Thursday the Atlanta based artist Megan Mosholder did a visiting artist lecture about her string based installations as well as discussing her many successes in traveling, residencies, and grant writing.  It was nice to get to talk to her one on one finally, after having the opportunity to meet her via Web Chat last semester in my Theory and Criticism class.  Prior to her lecture she visited my studio to talk about what most graduate students want to talk about...how much their professors hate their work.  Ok, that isn't all we talked about but it was something that I brought up in terms of my reasonings for transitioning to ceramics from plastics.  She told me I needed to read The Poetics of Space by Gaston Bachelard, and that any questions I had needed to be directed to my Theory and Criticism Professor and her old SCAD Professor, Jason Hoelscher.  I have to admit I am kind of worried about reading it because she wouldn't tell me what it was about other than it involved space and the body.  We'll see how that goes later on.

Friday I busted my butt to submit a joint proposal with my colleague Jessamy for the Eagle Nation on Parade project.  It might sound weird for a sculptor who hates to paint, to want to paint a 6foot tall plexiglass bird, but it all counts towards being active participant in the art community.  Not to mention there is a prize involved and who doesn't need a little financial aid every now and then.  I am hoping that we win the proposal, but at the same time that is just adding one more thing to my plate.

As for what artist I found this week while searching for the reasons why I make the things I make, I came across the Swedish ceramic artists Eva Hild.  If the name isn't familiar, then the work surely is.  I have seen her pieces everywhere, in magazines, in books, and I'm pretty sure I've seen it in a gallery in person.  I am attracted to more than just the visual qualities of her work, but to how she writes about the objects she creates.  Currently she has a solo exhibition going on in Stockholm, Sweden at the Galleri Andersson Sandström called Sinkhole.  A snippet from her artist statement reads:

My sculptures are bodies, exposed to pressure and movements.  Delicate continuously flowing entities in thin-built clay. They reflect varying degrees of external and internal pressures, and how, as a consequence, perception of inner and outer space is changed or challenged.  My fascination is about the relationship between internal and external realities; the dualism between inside and outside, content and form, feeling and shape, impression and expression. It is a reflection of my inner landscapes of form. Everyday, I experience the tension between presence and absence.

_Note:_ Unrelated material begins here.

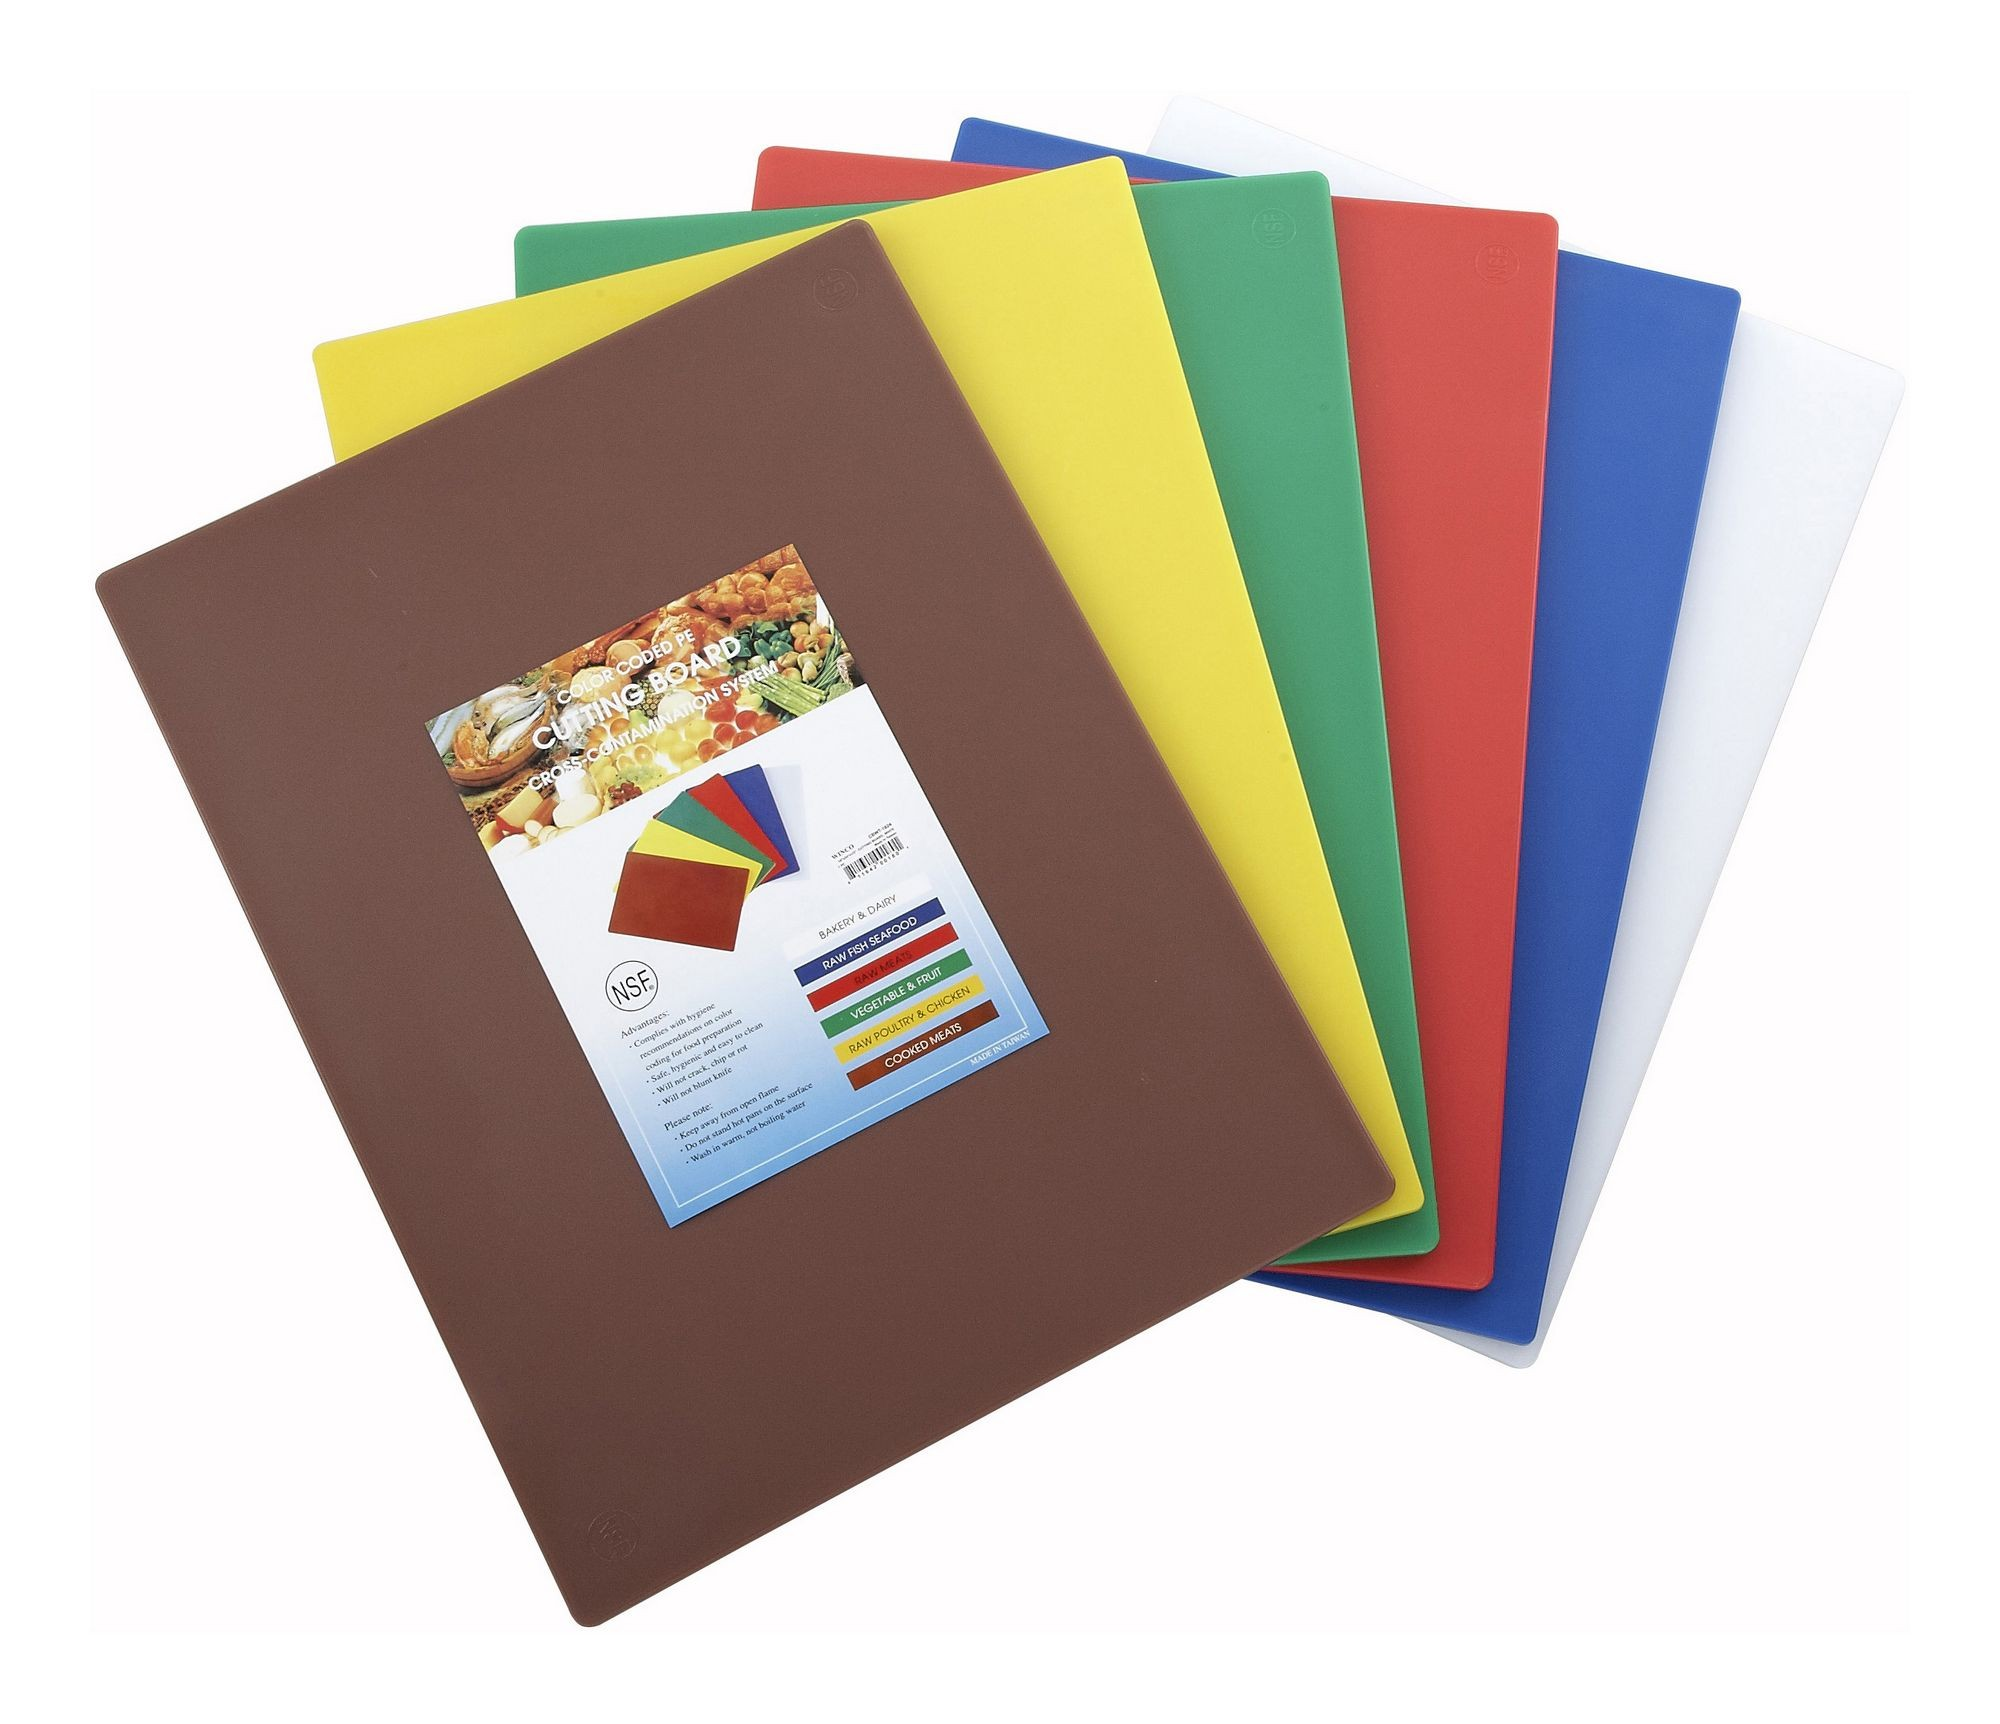 Six-Color Cutting Board Set - 18 X 24 X 1/2

My sculptures show me the necessity of opposites; they are paradoxes. Bodies where presence and absence meet.

This non "art speak" statement is where I feel I can get the most information to help me in my own exploration of my work.  The forms she creates from ceramics and even steal aren't exactly like mine, which is fine (I don't want them to be) but the way she talks about them I can really relate to.  My work is clearly about chaos and the difference between containing the inner feelings with the outer feelings.  So when she says she experiences presence and absence, I see my ceramic pieces (featured above).  They are a present form, but completely absent of what they were originally made of.  It's definitely something to think about for when we have the roast, I mean critique on Tuesday.  I have already been told my pieces are very "body like" and the idea of containment is clearly important since they are solid masses, so seeing someone else deal with those ideas is reassuring.